瑶帝摇头:“一个泥塑贴金的东西能管什么用,拜他还不如拜自己来得实在。”
又走几步,马上到御花园。今天天气好,不少人都在花园里坐着。瑶帝不想见到那些烦人的莺莺燕燕,打算离开。这时,花园中响起歌声。
唱的就是那天夜晚里听到、并且入了梦境的歌。
他不觉往花园方向多走几步,站到边缘处欣赏。那歌声并不特别动听,只是调子押得很准,也很有节奏,弥补了音色不足的缺憾。
一曲唱罢,更多的人过来朝他行礼。这些人中,一位打扮艳丽的人落下盈盈一拜,说道:“陛下,我唱的好听吗?”
瑶帝点头:“好听。”说完,转身就走。
那丽人连忙追上去,娇声道:“陛下都不问问我是谁吗?”
瑶帝回眸,耐着性子上下打量,细眉凤眼,身段婀娜,湖色衫子月白丝履,端的是一枚玉人。他想了想,说道:“朕好像有点印象,你是尚宫局的……陈什么来的。”
“陈灵,现在是采人。”那人羞答答一笑,宛若月中仙子,说道,“陛下记性真好,还能记得我姓什么。”说着,向其他人射出骄傲的视线。
“哦。”瑶帝还是没兴趣,对身侧的昀皇贵妃道,“天气好,你赏花吧,朕先回了。”转过身走了几步,就觉有人扯袖子。定睛一瞧,原来是刚才的陈采人。“怎么,还有事?”他问。
陈采人低眉含笑:“我还会很多首歌,不如陛下去我那里听。”
瑶帝抽出袖子,平静道:“改日吧,朕今天有点累。”
陈采人笑意更浓,柔软的腰肢晃了晃:“您若累了,正好去我那歇息,我给您唱催眠曲。

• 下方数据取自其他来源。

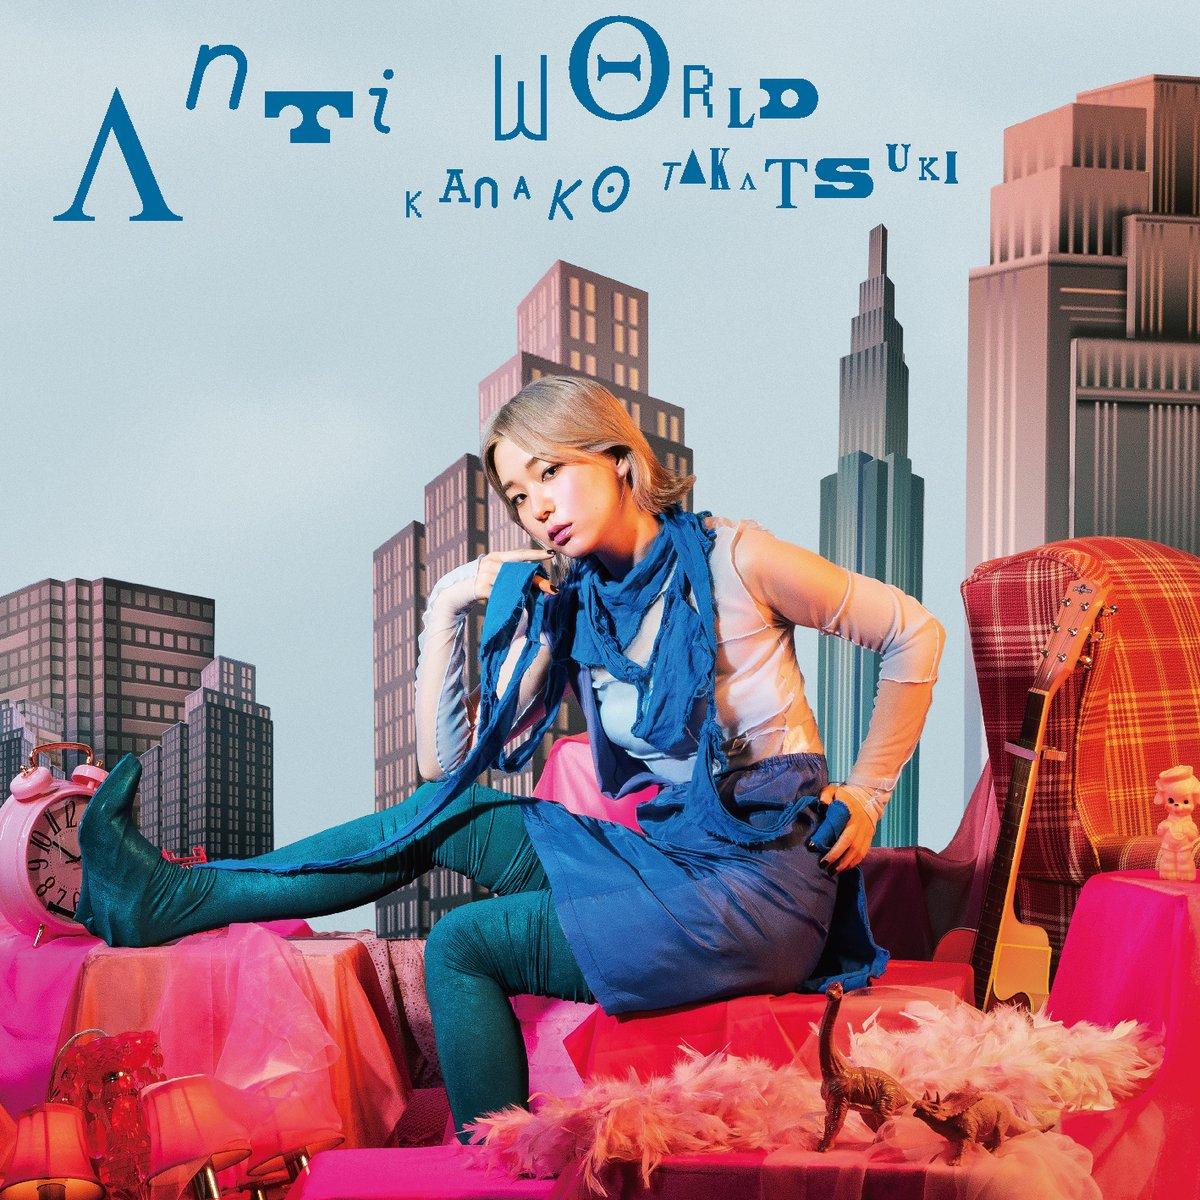 TVアニメ『100万の命の上に俺は立っている』OPテーマ「Anti world」配信中!Spotifyさんのプレイリスト、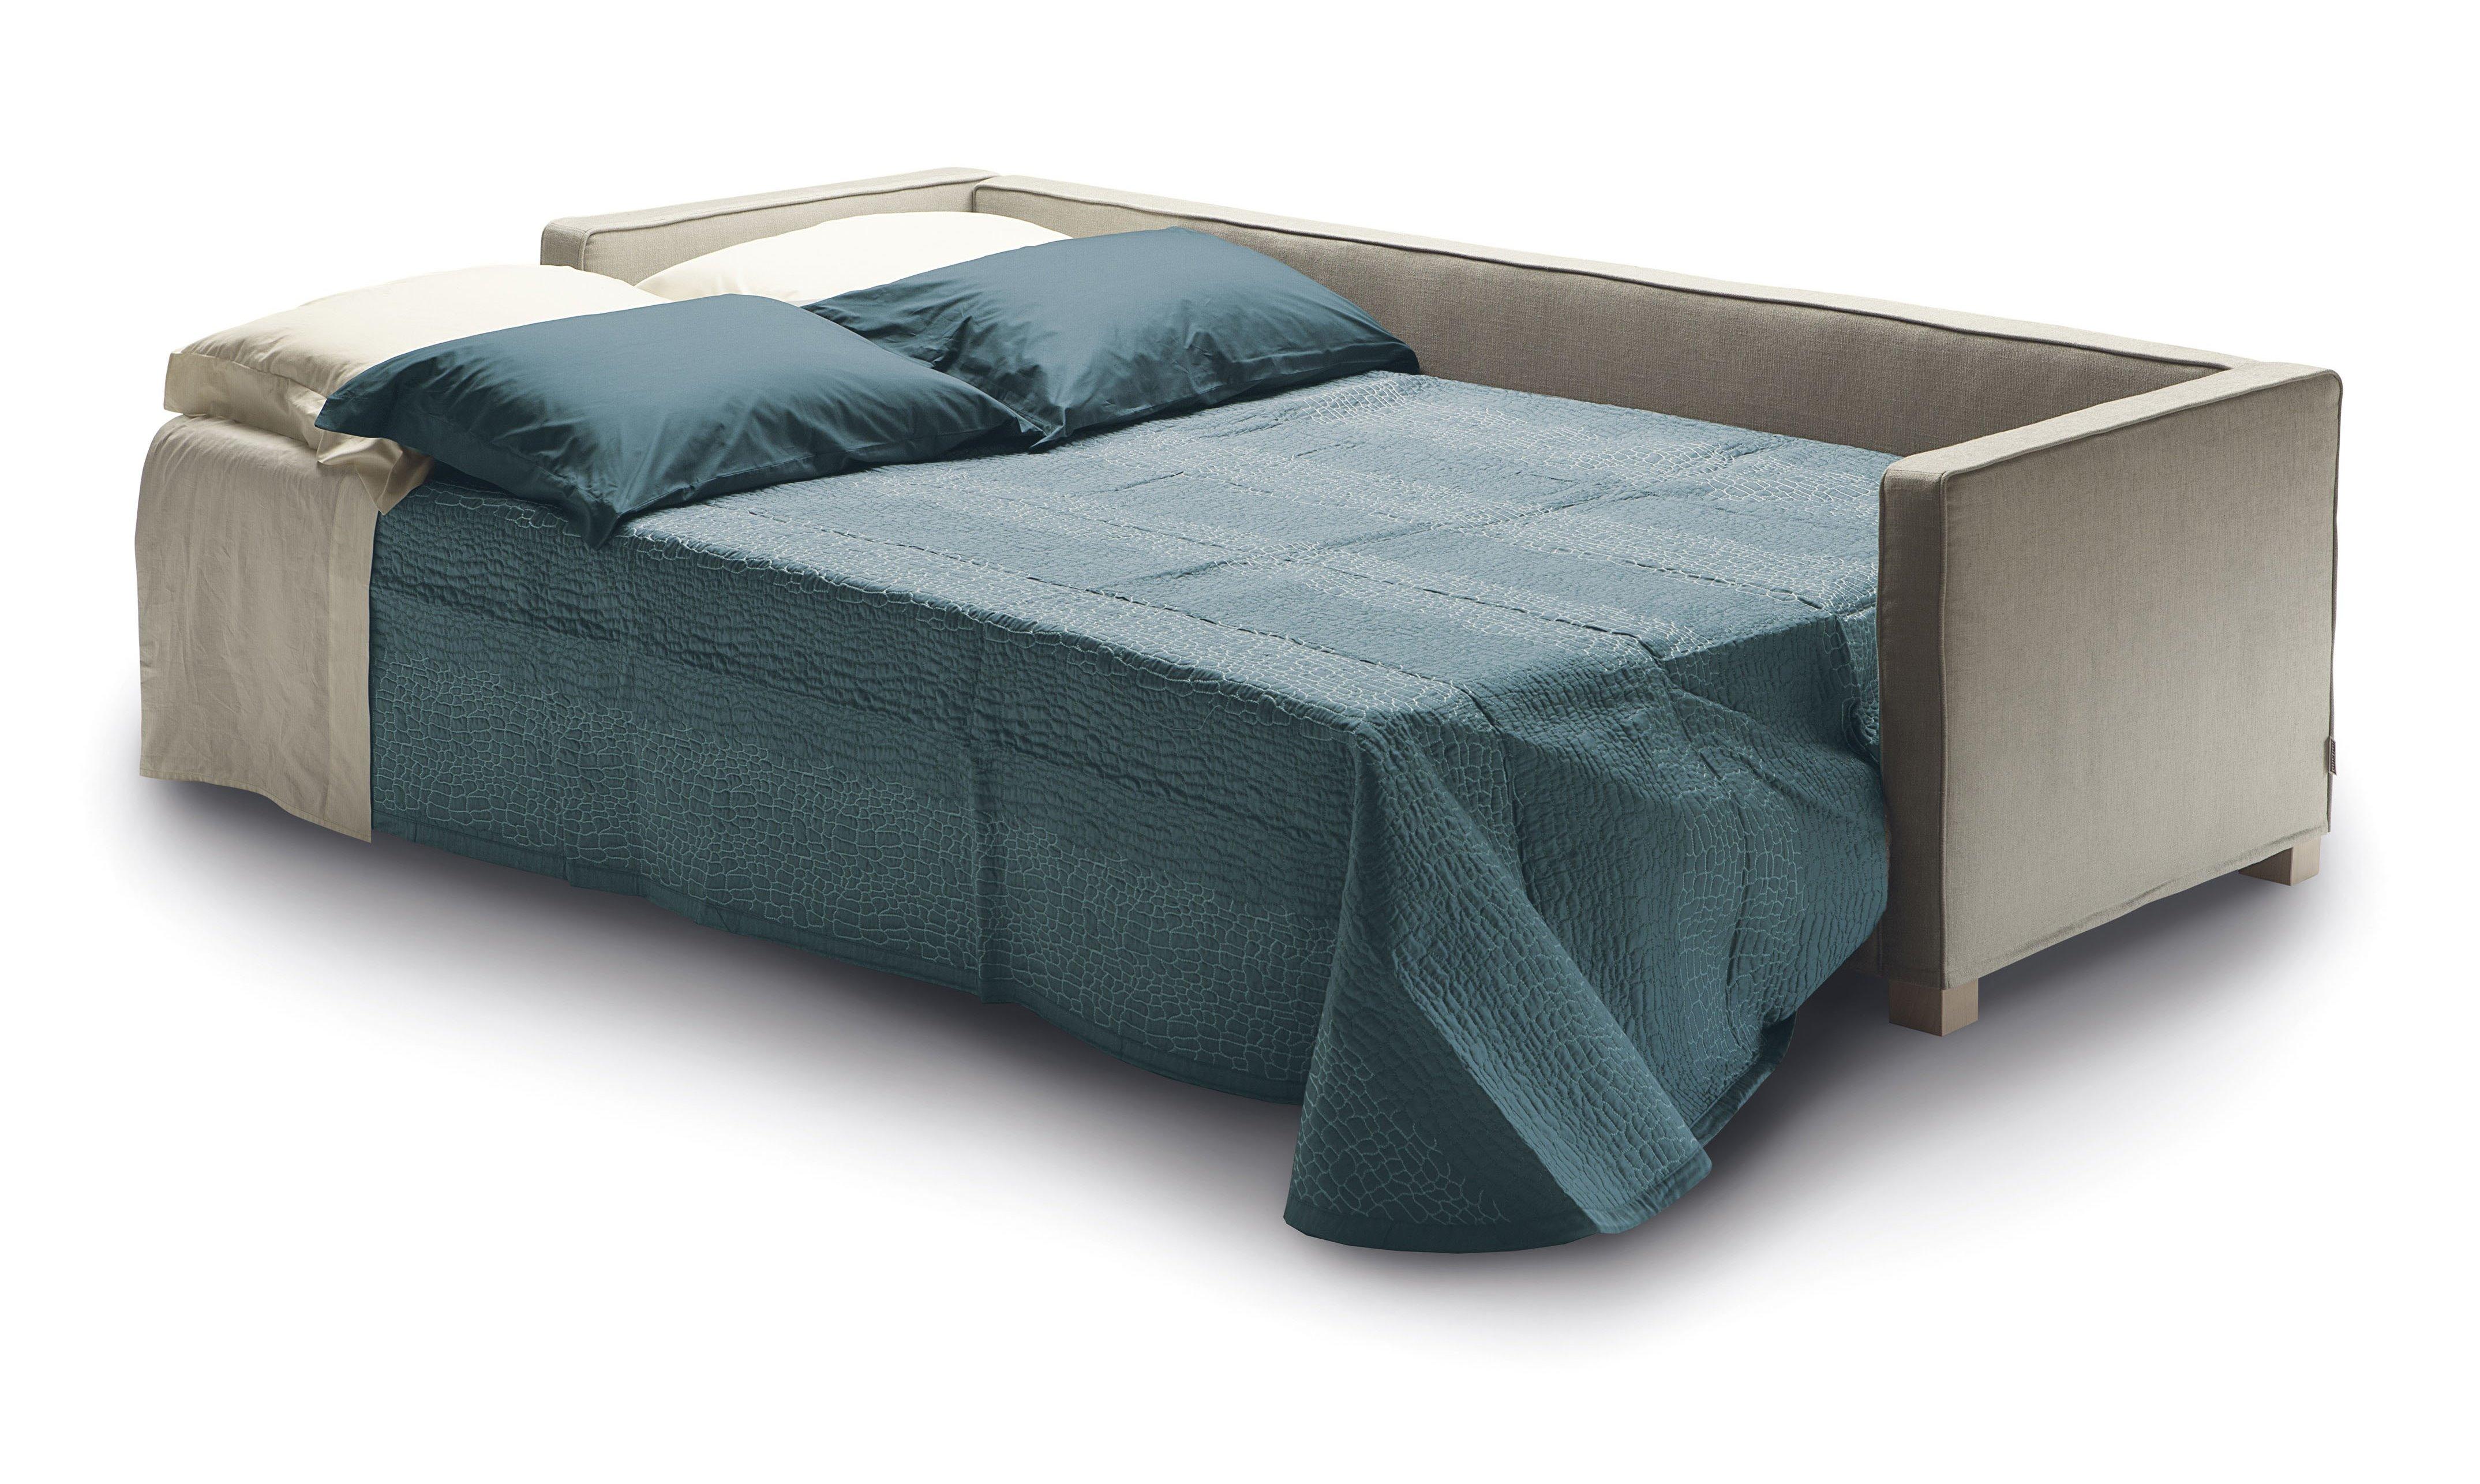 Idee arredare il monolocale come scegliere il letto - Trasformare letto in divano ...

”
此话一出,周围各位嫔妃的脸色都很不好看,李嫔就站在陈采人边上,察觉到瑶帝的隐怒,悄悄和他拉开点距离,免得待会儿被帝王的怒气误伤。
瑶帝冷冷看着陈采人:“你很喜欢唱歌吗?”
陈采人像是没看到那阴郁的脸色,红唇微启:“是啊,我练了好久呢,只为给陛下献上最完美的曲子。”
瑶帝在他脸庞摸了一把,说道:“如此,朕还要感谢你了。”不等对方开口,又一甩手,像是甩掉手上污垢似的,冷冰冰道,“既然那么喜欢,就到无常宫心无旁骛地唱去吧。”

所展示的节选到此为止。